Tuesday, January 14, 2014

Resilience

Sunday morning was a perfect morning for a run--about 35°, no wind, sun shine gentle on my face.  To run in weather like that is bliss: not too hot, not too cold, but just the perfect balance of everything.  Even if my body is not cooperating, I enjoy myself.  And I find my heart and mind open in footfall rhythm; more of me is available to notice what most needs noticing.

On Sunday morning it was the song of birds.  I noticed birds singing, their chirpy refrain a reveille to my early morning grogginess.  It seems they had something to say.  Something important.  "Hey, we are here, silly woman running.  We are awake and welcoming this new day!  Be awake with us and welcome it too!"

I heard it.  And then I understood it.  They were still singing, even after the crazy weather of the previous week, they were still singing.  I see them perched up high, resting blithely on tender branches.  And even though they are so small I wonder that they can be held by something so tenuous looking.  But they greet me still.

The weather last week had become frighteningly cold.  Bitter.  Frigid.  We stayed inside the warmth, shielded from the frozen air and ground and wind.  I wondered about survival in such extreme conditions.  The news even spoke of caring for large land animals.  Without proper care, exposure could mean certain death.

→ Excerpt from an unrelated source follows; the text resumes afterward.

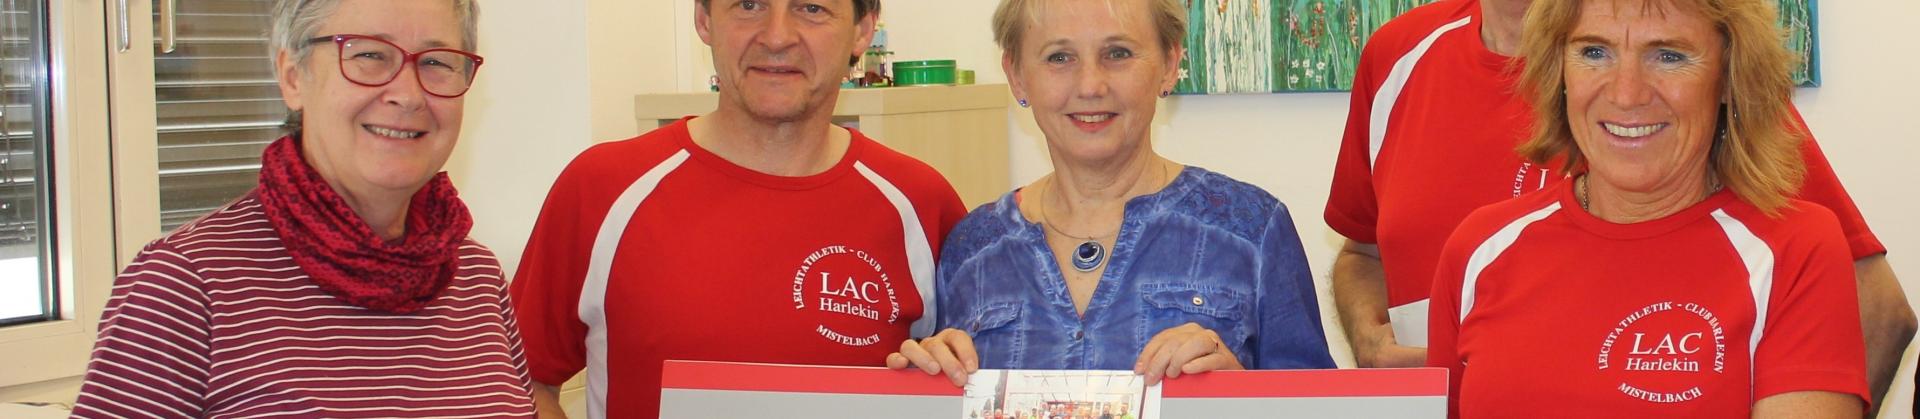 Charity Lauf des LAC Harlekin mit DSA Roswitha Tscherkassky-Koularas

This is the wonder of it all--little beings so fragile, without human hand to shield them from the biting cold, live to sing about it.  They sing, as tiny reminders of life's strength.  My assumptions of life's frailty were wrong; I hear the error in their song.

We too go through the extremes, don't we?  We are so involved in trying to just. get. through. that we sometimes fail to see how those seconds and minutes and hours add up.  We lose perspective because there is no time to not strive; each moment we give ourselves wholly to the surviving of the thing, slipping silently into a better place, an easier place.  And we hardly even notice it because we are still straining against our adversities just tying to make it another day.

I wonder when we will look back at the journey that has been, and pinch ourselves when we realize what we've come through?  When will we realize we are tougher than we gave ourselves credit for?  Which day will we wake up singing and know that the thing we had to come through did not have the power to take our song?


2 comments:

Anonymous said...

Beautiful. Simply beautiful.

Sami Wilson said...

Thank you Josh. Thank you for seeing something valuable in these words.